Può brindare anche Banca Generali che nel 2014 ha raccolto in totale oltre 4 miliardi. Cifra che ha permesso di registrare una crescita del 78% rispetto all’anno precedente. Anche in questo caso la parte del leone arriva dal comparto del gestito che nel 2014 ha totalizzato 4,2 miliardi (+51% rispetto al 2013). In crescita pure il patrimonio, andato oltre la soglia dei 36,5 miliardi. Piermario Motta, amministratore delegato di Banca Generali, ha definito il 2014 «un altro anno straordinario che ci vede ai vertici del nostro settore nel mondo Assoreti, per raccolta netta e gestita evidenziando la qualità dell’offerta e la professionalità dei nostri consulenti.
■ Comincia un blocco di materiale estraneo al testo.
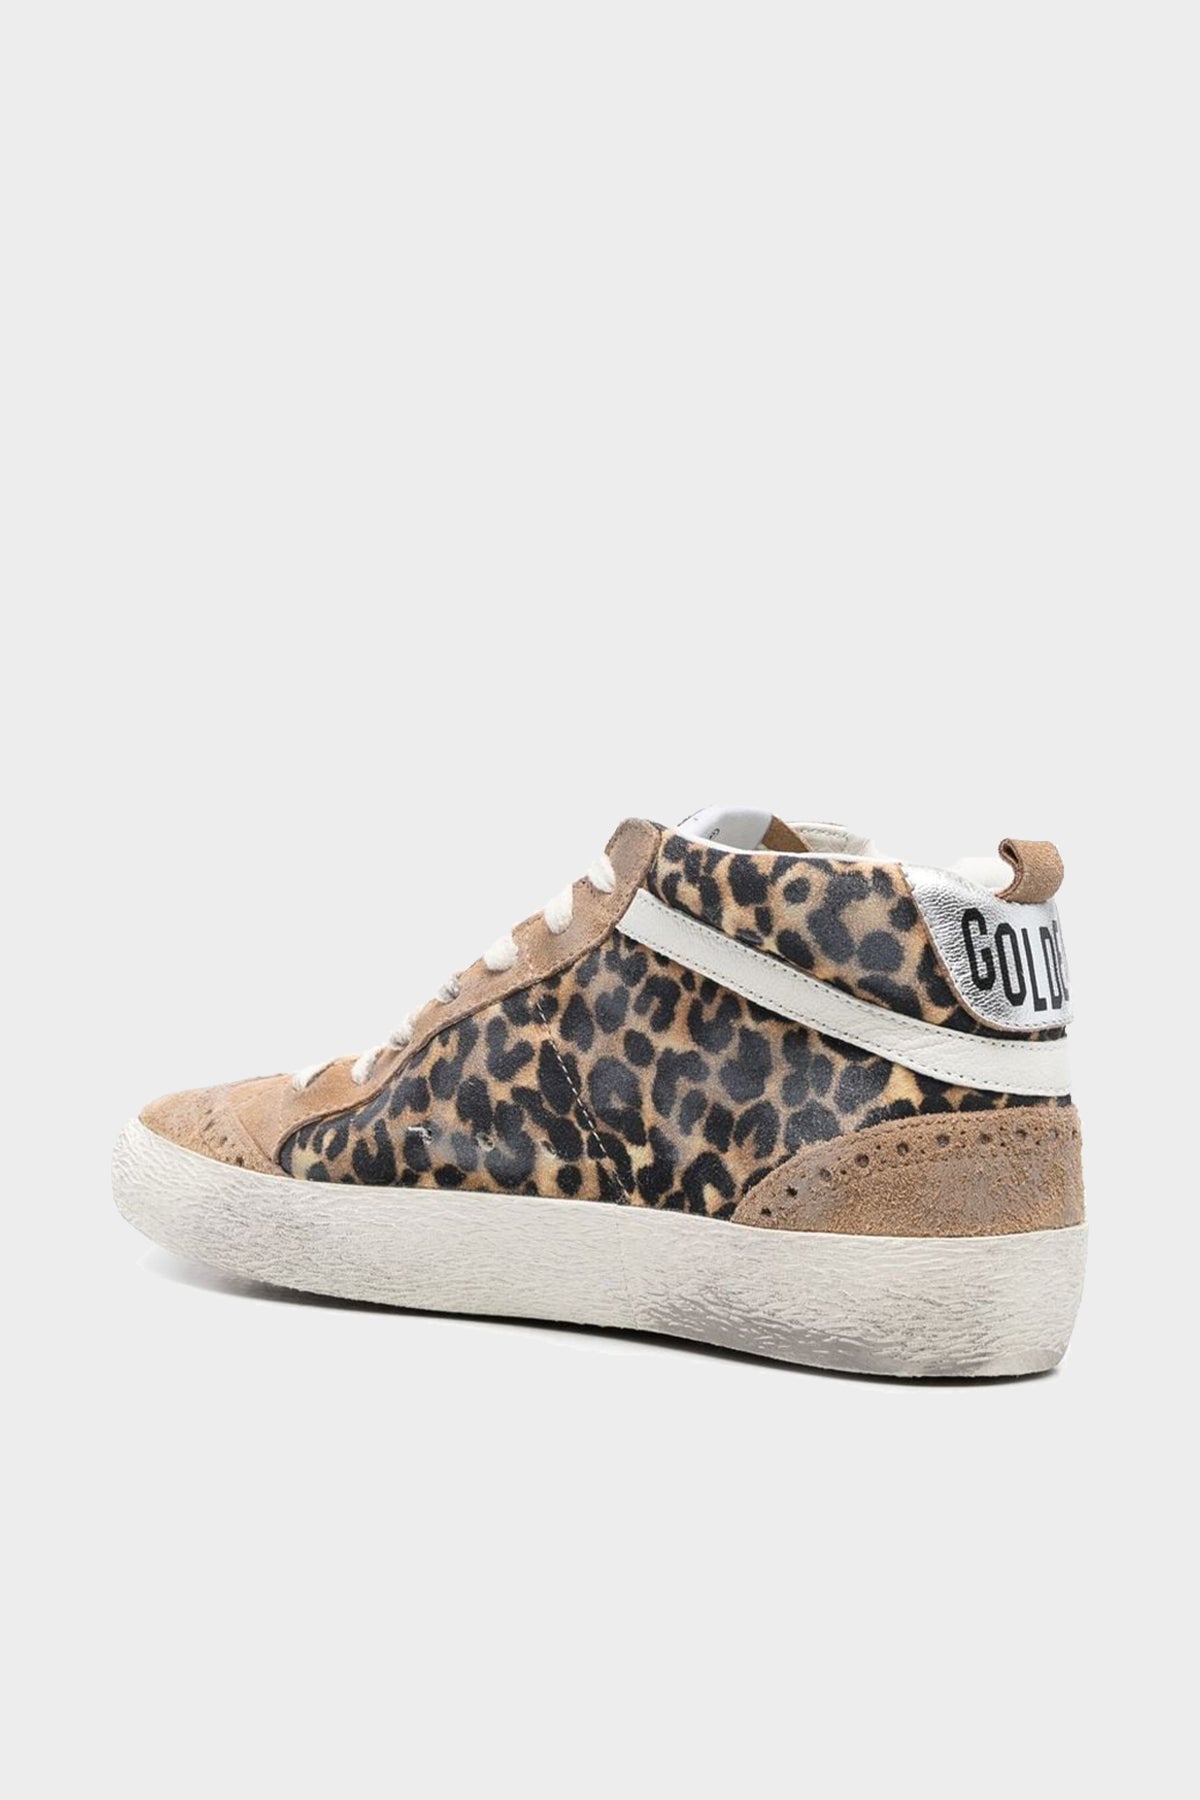 Mid-Star Leopard Suede Leather Sneaker - shop-olivia.com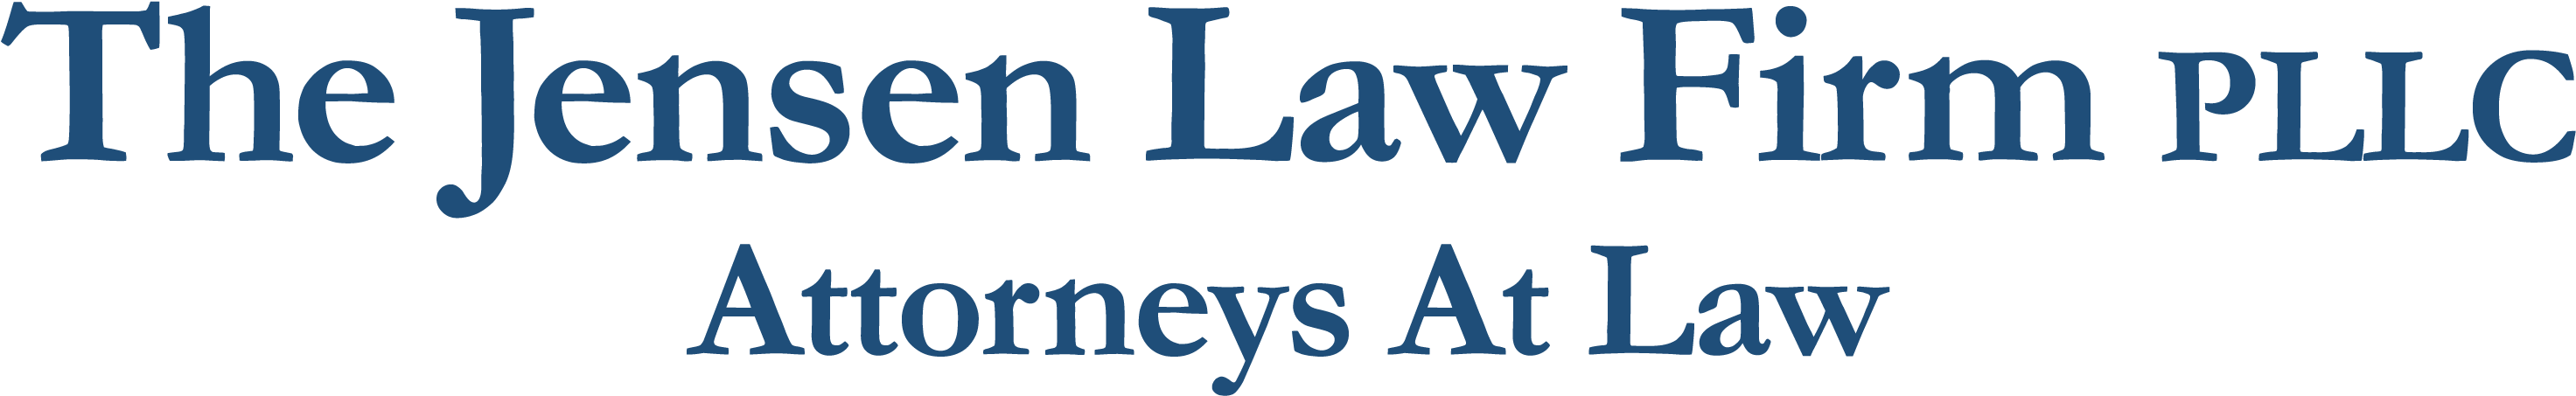 Jensen & Jensen Attorneys At Law - Law Firm (3007x551)

Quattro miliardi di raccolta rappresentano un dato molto gratificante perché maturato senza l’aggiunta di investimenti istituzionali ma unicamente dal rapporto dei nostri professionisti con le famiglie italiane». L’ad di Banca Generali sottolinea inoltre la costante ascesa nell’ultimo triennio. «È stato un percorso che ci ha portato ad accrescere le masse di oltre 13 miliardi; un livello che supera per dimensione tante realtà presenti da anni nel nostro comparto». Positive anche le premesse per 2015 alla luce di un contesto di mercato «dove i bassi tassi di interesse – prosegue Motta – e l’incertezza sullo sfondo rendono indispensabile per i risparmiatori italiani il nostro lavoro nella pianificazione finanziaria».
Ha superato i 4 miliardi anche la raccolta annuale targata Banca Mediolanum con un incremento del 22% sul 2013. Particolarmente incisiva la raccolta dei fondi comuni (619 milioni in dicembre e 4,8 miliardi nel 2014) che sono da sempre cavallo di battaglia della società guidata da Massimo Doris. «Siamo molto soddisfatti di questi dati – ha spiegato l’ad di Banca Mediolanum – e pensiamo che il risparmio gestito andrà bene anche nel 2015, mentre lo scenario cambierà nel 2016 perché alla fine di quest’anno gli investitori realizzeranno i risultati deludenti del comparto obbligazionario». Comparto grazie al quale è stato realizzata buona parte della raccolta del sistema fondi.In sostanza, quindi, ora è il momento di cambiare strategia. «Noi stiamo già pianificando uno spostamento graduale sull’azionario – prosegue Doris – e lo facciamo attraverso fondi diversificati per settore e per area geografica. Chiaramente mettiamo in preventivo la volatilità, ma pensiamo che questa scelta permetterà di ottenere rendimenti maggiori nel medio/lungo termine».